Wasserstein Distance guided Adversarial Imitation Learning with Reward Shape Exploration

• URL: http://arxiv.org/abs/2006.03503v2
• Date: Tue, 8 Dec 2020 13:06:20 GMT
• Title: Wasserstein Distance guided Adversarial Imitation Learning with Reward Shape Exploration
• Authors: Ming Zhang, Yawei Wang, Xiaoteng Ma, Li Xia, Jun Yang, Zhiheng Li, Xiu Li
• Abstract summary: We propose a new algorithm named Wasserstein Distance guided Adrial Imitation Learning (WDAIL) for promoting the performance of imitation learning (IL) The experiment results show that the learning procedure remains remarkably stable, and achieves significant performance in the complex continuous control tasks of MuJoCo.

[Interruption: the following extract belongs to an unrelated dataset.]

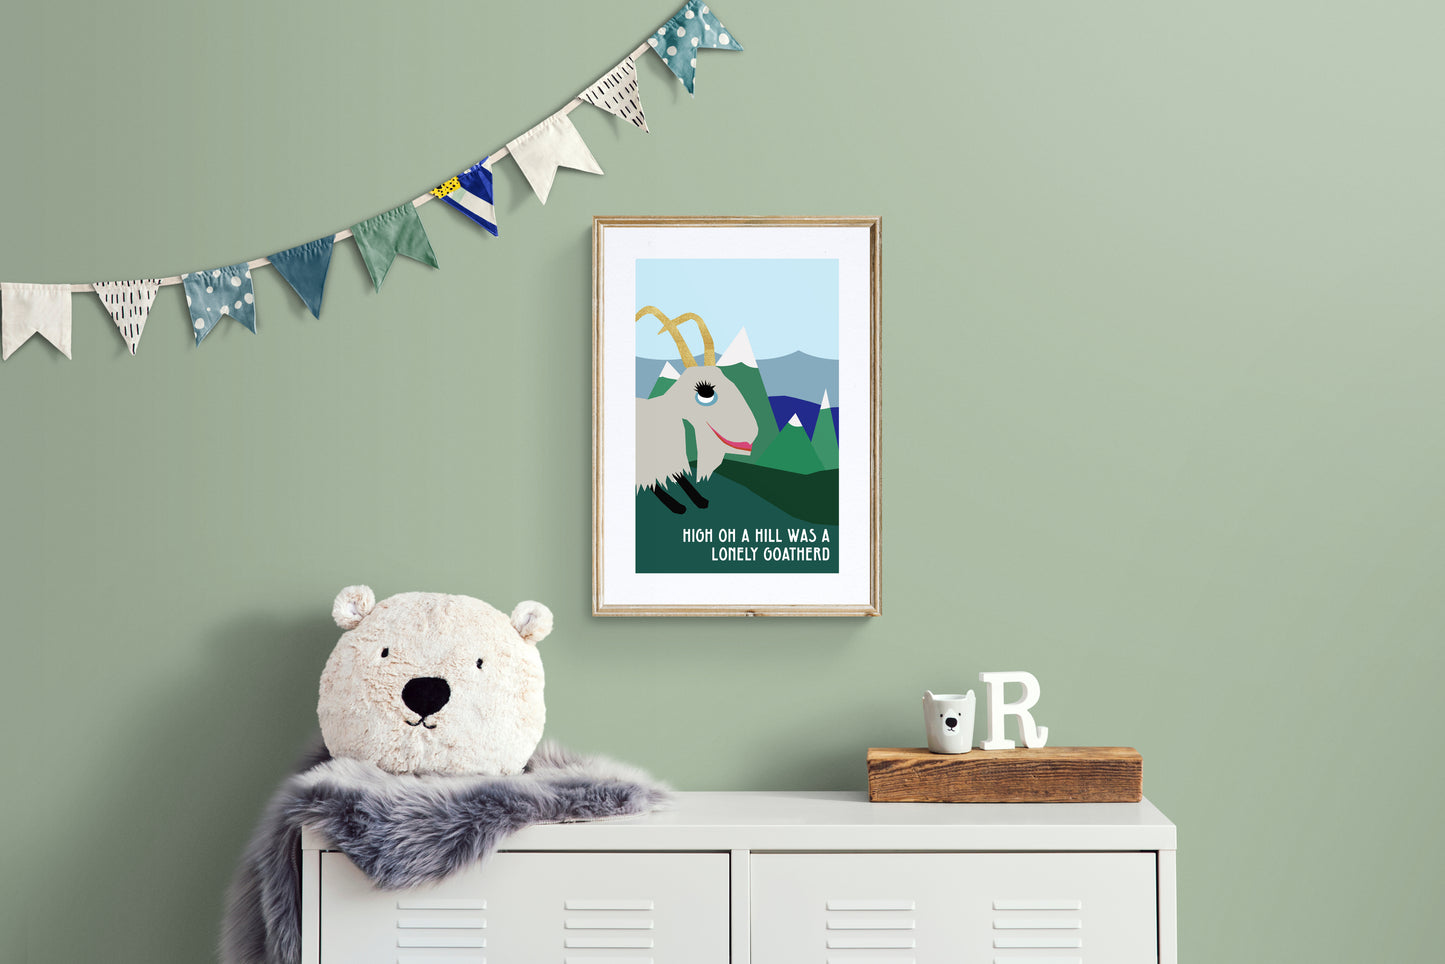 High on a hill was a lonely goatherd - sound of music art poster for kids room featuring goat puppets from the movie, Sound of Music

• Score: 21.870750931559915
• License: http://arxiv.org/licenses/nonexclusive-distrib/1.0/
• Abstract: The generative adversarial imitation learning (GAIL) has provided an adversarial learning framework for imitating expert policy from demonstrations in high-dimensional continuous tasks. However, almost all GAIL and its extensions only design a kind of reward function of logarithmic form in the adversarial training strategy with the Jensen-Shannon (JS) divergence for all complex environments. The fixed logarithmic type of reward function may be difficult to solve all complex tasks, and the vanishing gradients problem caused by the JS divergence will harm the adversarial learning process. In this paper, we propose a new algorithm named Wasserstein Distance guided Adversarial Imitation Learning (WDAIL) for promoting the performance of imitation learning (IL). There are three improvements in our method: (a) introducing the Wasserstein distance to obtain more appropriate measure in the adversarial training process, (b) using proximal policy optimization (PPO) in the reinforcement learning stage which is much simpler to implement and makes the algorithm more efficient, and (c) exploring different reward function shapes to suit different tasks for improving the performance. The experiment results show that the learning procedure remains remarkably stable, and achieves significant performance in the complex continuous control tasks of MuJoCo.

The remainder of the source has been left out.